Dilansir, proses penyidikan dugaan penyelundupan sebanyak 2.508 Kilogram (Kg) timah balok milik Aiptu Muhammad Lazim alias Aiptu LZ, hingga kini masih belum tuntas. Pasalnya, berkas 207 buah balok timah dengan rincian 157 batang dengan berat mulai dari belasan hingga 20 kilogram lebih dan 50 balok berupa lempengan setengah bola tersebut, masih ada kekurangan yang belum dilengkapi penyidik Subdit 4 Tipiter Ditreskrimsus Polda Babel.

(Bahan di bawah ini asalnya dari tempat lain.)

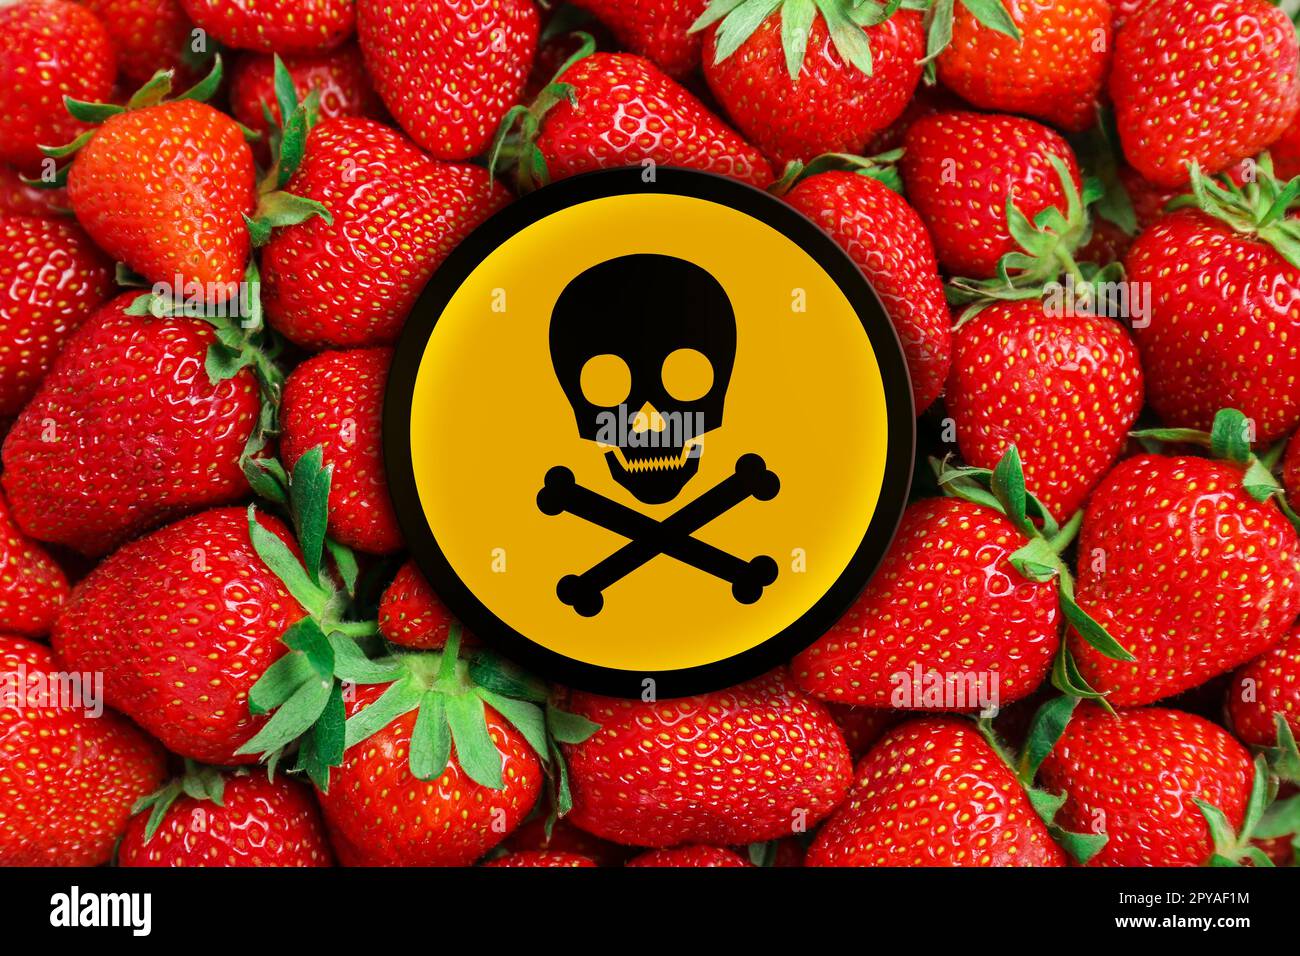 Skull and crossbones sign on ripe strawberries, closeup. Be careful - toxic Stock Photo

Artinya, perkara penyelundupan 207 balok timah atau setara dengan Rp700 juta dengan modus ditumpuk dibawah barang rongsokan milik oknum anggota Polsek Pangkalanbaru ini, hingga kini penyidik masih melengkapi petunjuk yang diminta oleh jaksa atau P19.
“Untuk perkara 207 balik timah milik Aiptu Lazim ini masih P19,” ungkap Kasubdit IV Tipiter Ditreskrimsus Polda Babel, Kompol Siwantoro mewakili Direktur Reskrimsus (Dirreskrimsus), AKBP Indra Krismayadi kepada Rakyat Pos, Senin (11/2/2019).
Dilansir dalam berita sebelumnya, Erlangga (52) sopir truk kuning dengan nomor polisi Z 8754 WI yang mengangkut sebanyak 2,5 ton timah balok lebih dulu menjadi tersangka. Warga asal Kecamatan Pangkalbalam Kota Pangkalpinang itu telah meringkuk di dalam sel rutan Mapolda Babel pasca ditangkap.
“Sopir truk yang mengangkut 207 balok timah sekarang ini telah kami tetapkan sebagai tersangka (Tsk). Setelah menjalani pemeriksaan, memang dia (Erlangga) terlibat dan keuntungan dia dapat Rp7 ribu perkilogram jika dikalikan 2,5 ton mencapai Rp17 jutaan upah yang diterima,” ungkap Kasubdit 4 Tipiter AKBP I Wayan Riko Setiawan kala itu saat ditemui Rakyat Pos, Selasa (11/12/2018) silam.
Dikatakannya, Erlangga merupakan sopir spesialis yang sudah kesekian kalinya membawa barang selundupan berupa balok timah ke luar Pulau Bangka. Berdasarkan keterangan selama pemeriksaan, sopir tersebut mengaku sudah biasa membawa balok timah melalui Pelabuhan Pangkalbalam menumpang kapal roro.
Erlangga ditangkap Tim Penyelundupan di Pelabuhan Pangkalbalam saat menunggu kapal roro yang berlayar ke Jakarta, Senin (10/12/2018) sekitar pukul 05.30 WIB. Di dalam truknya, selain barang rongsokan ada 157 batang timah dengan berat belasan hingga 20 kilogram lebih dan 50 balok timah berbentuk lempengan setengah bola.
Balok timah sebanyak 207 buah itu, ditumpuk tepat di bawah muatan barang rongsokan guna mengecoh petugas kepolisian. Namun aparat yang curiga berhasil mengendus penyelundupan timah batangan itu dan membongkar truk.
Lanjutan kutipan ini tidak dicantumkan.